SPSS visualization - can SPSS data be visualized elsewhere?

Postby alimdar » Mon Dec 12, 2011 12:37 am

Hello,

I wonder if it is possible to take the data produced by SPSS and feed it into another visualization/graphic program, that produces better visualizations.
I do not know much about SPSS, but I do not like graphics so much. Any suggestions?

Alimdar
A.Priori
Posts: 1
Joined: Mon Apr 09, 2012 1:57 pm

Re: SPSS visualization - can SPSS data be visualized elsewhe

Postby A.Priori » Mon Apr 09, 2012 2:32 pm

I basically joined this forum to look for similar answers. I want to use some nice info graphics so I'm curious what others' opinions are about how to best do that.
Penguin_Knight
Posts: 473
Joined: Thu Apr 05, 2012 5:58 pm

Re: SPSS visualization - can SPSS data be visualized elsewhe

Postby Penguin_Knight » Mon Apr 09, 2012 6:31 pm

First don't dismiss SPSS so quickly yet. I'd suggest spending some times with the graph editor (by double clicking on the resultant chart) and mess around with what you can customize. With some proper alignment, color choice, and rescaling the ordinary SPSS graph can look very nice.

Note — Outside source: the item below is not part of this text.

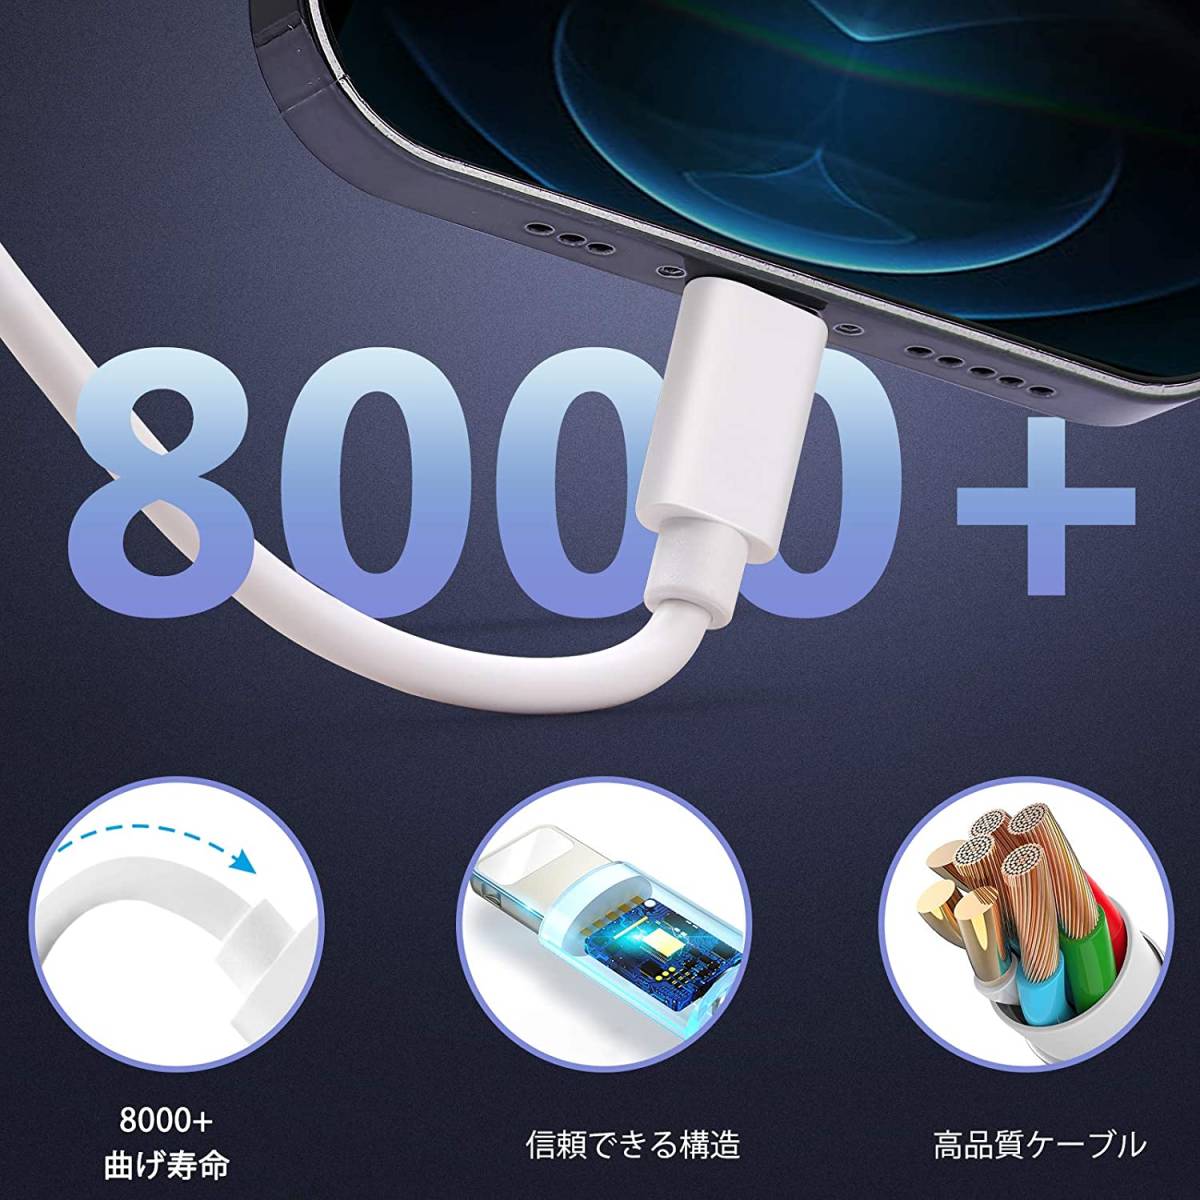 【大特価】iPhone 充電ケーブル ライトニングケーブル 1M 6本セット アイフォン USB 充電コード Lightning ケーブル_画像6

For graphing, I will recommend R (http://www.r-project.org). You can import SPSS data into R with the "foreign" package (R calls all the add-ons "packages," which are freely available on the Internet) and carry out your graph making. Two major graph packages for R you should definitely check are:

Lattice (lmdvr.r-forge.r-project.org/figures/figures.html) and
ggplot2 (had.co.nz/ggplot2)

The links are their official gallery. And they both have an affiliated book published by Springer walking you through the functions.

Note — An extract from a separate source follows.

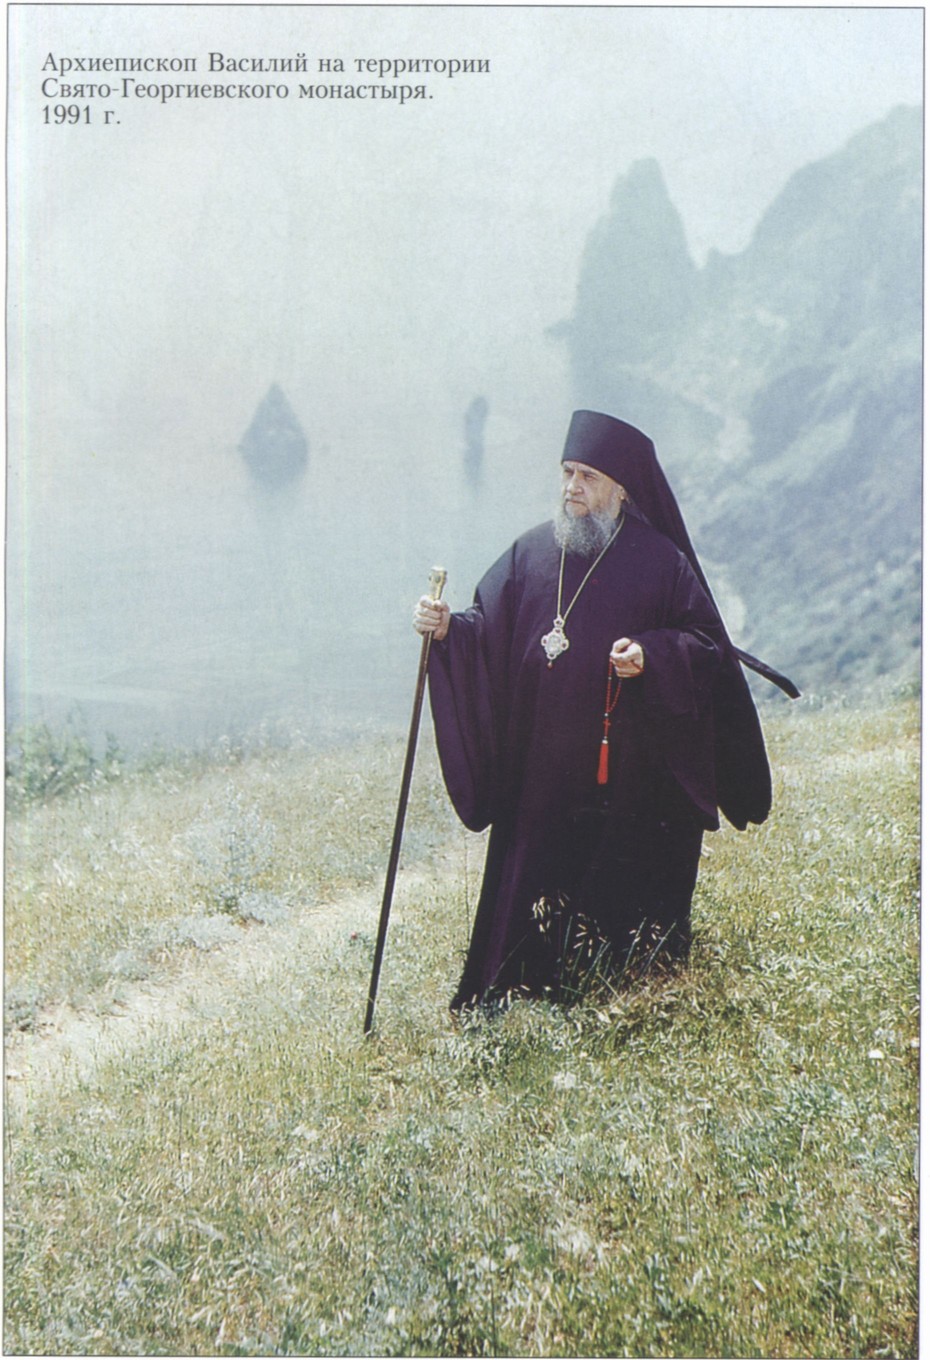 Архиепископ Василий на территории Свято-Георгиевского монастыря. 1991 г

Even without the packages, R itself has a very versatile graphing mechanism (addictedtor.free.fr/graphiques). Users can basically draw things down to the level of pixel. The drawback is that it's script-based, which mean it's another language to learn, but once you have designed a graph, you can save the syntax for future use. Users with programming background will also find this easy to pick up as well. R also has one of the most active online communities which can definitely help you with your question.

And do you know the best part? It's actually a statistical software! You may even analyze your data with it!

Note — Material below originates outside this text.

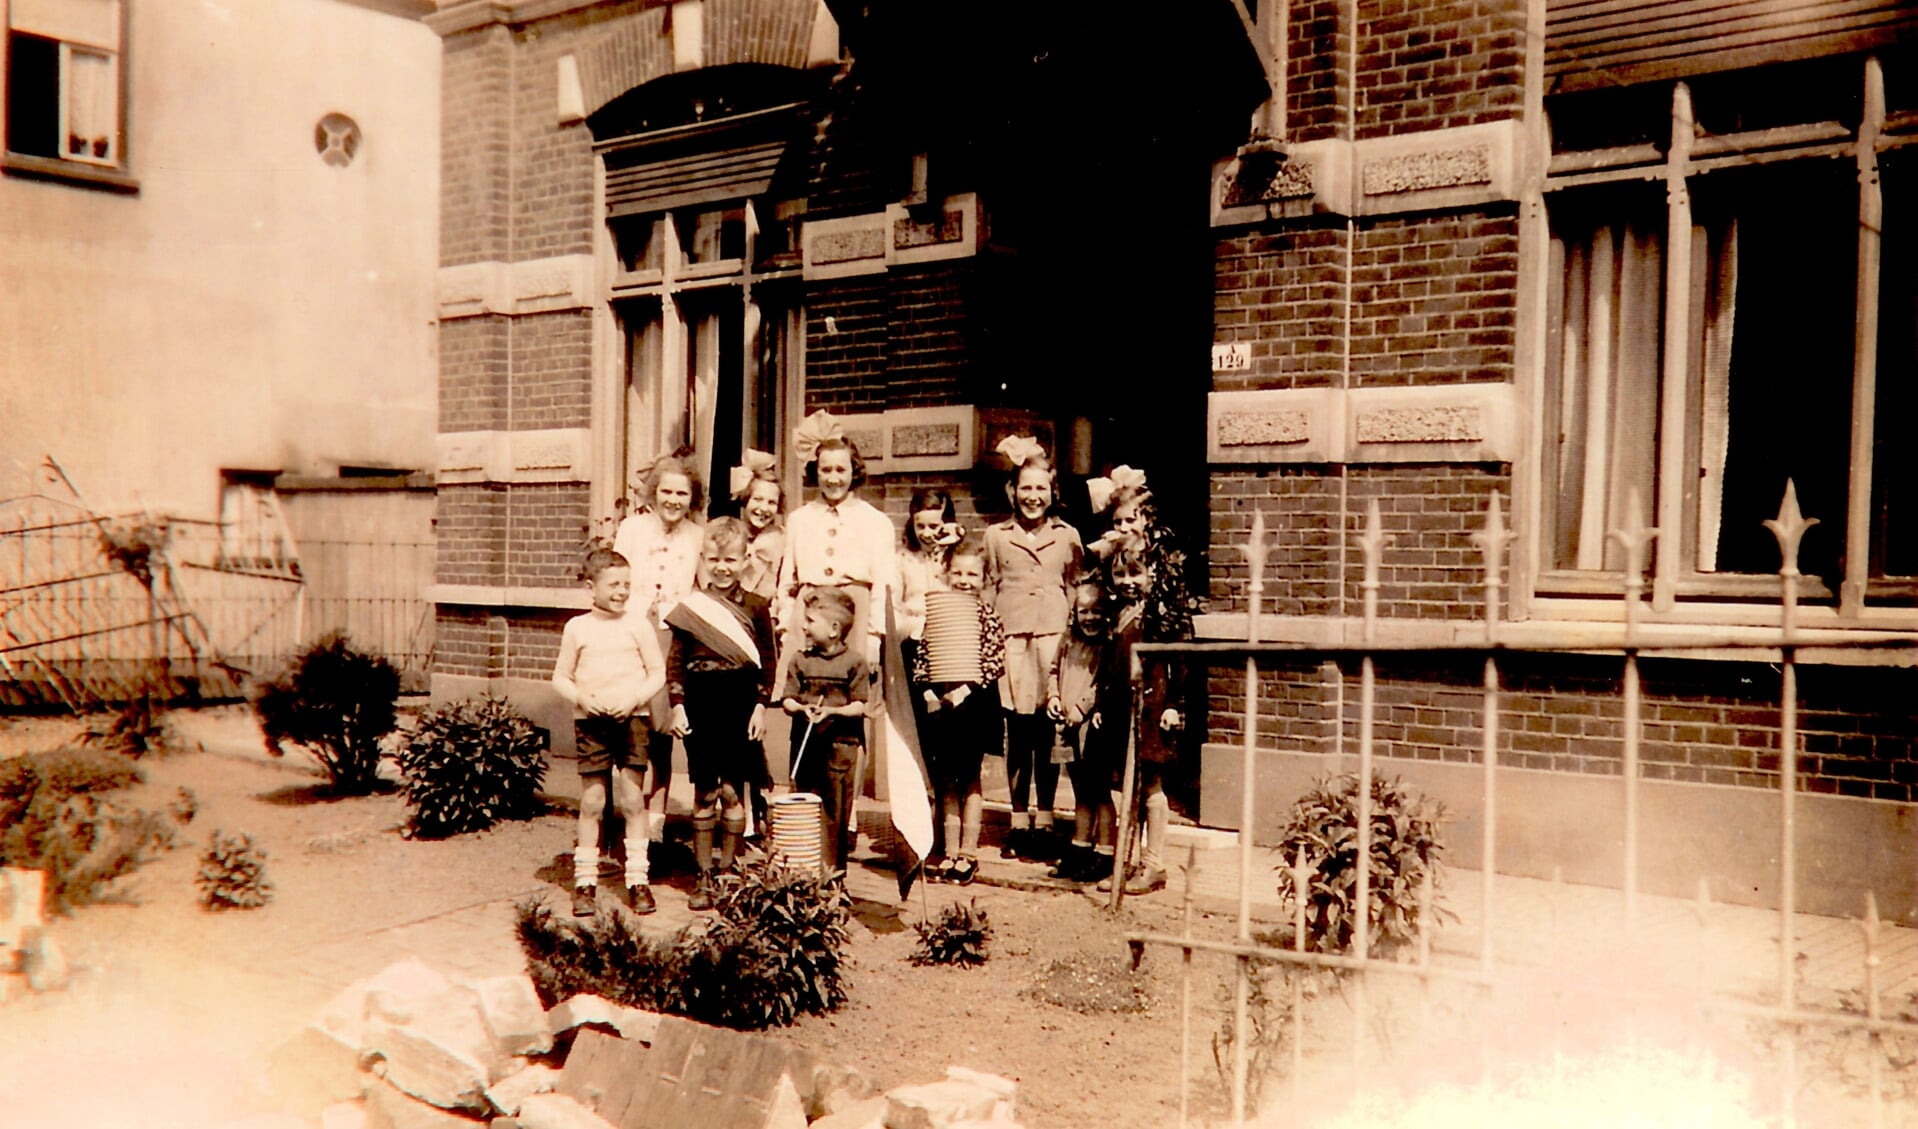 Voor het huis van Cas van Vroonhoven kijken kinderen naar de optocht ter herdenking van de bevrijding in september 1944. Rechts van de deur is het oude adres van vóór 1948 (A129) zichtbaar. (12533)

Note that all these software packages (R, SAS, SPSS, Stata) do not really produce the typical "info graphics," which I loosely refer to as a collection of textual and visual displays, often visually pleasing, to organize and show a coherent cluster of information. If you're thinking about something reasonably simple, then exporting the nice images and strategically lay them out on a big poster/presentation slide can usually do the trick. However, if you're thinking about something complicated as this (timeplots.com/potus/?a_aid=coolinfographics), then the best bet is a combination of a stat software and a graphic software like Adobe Illustrator.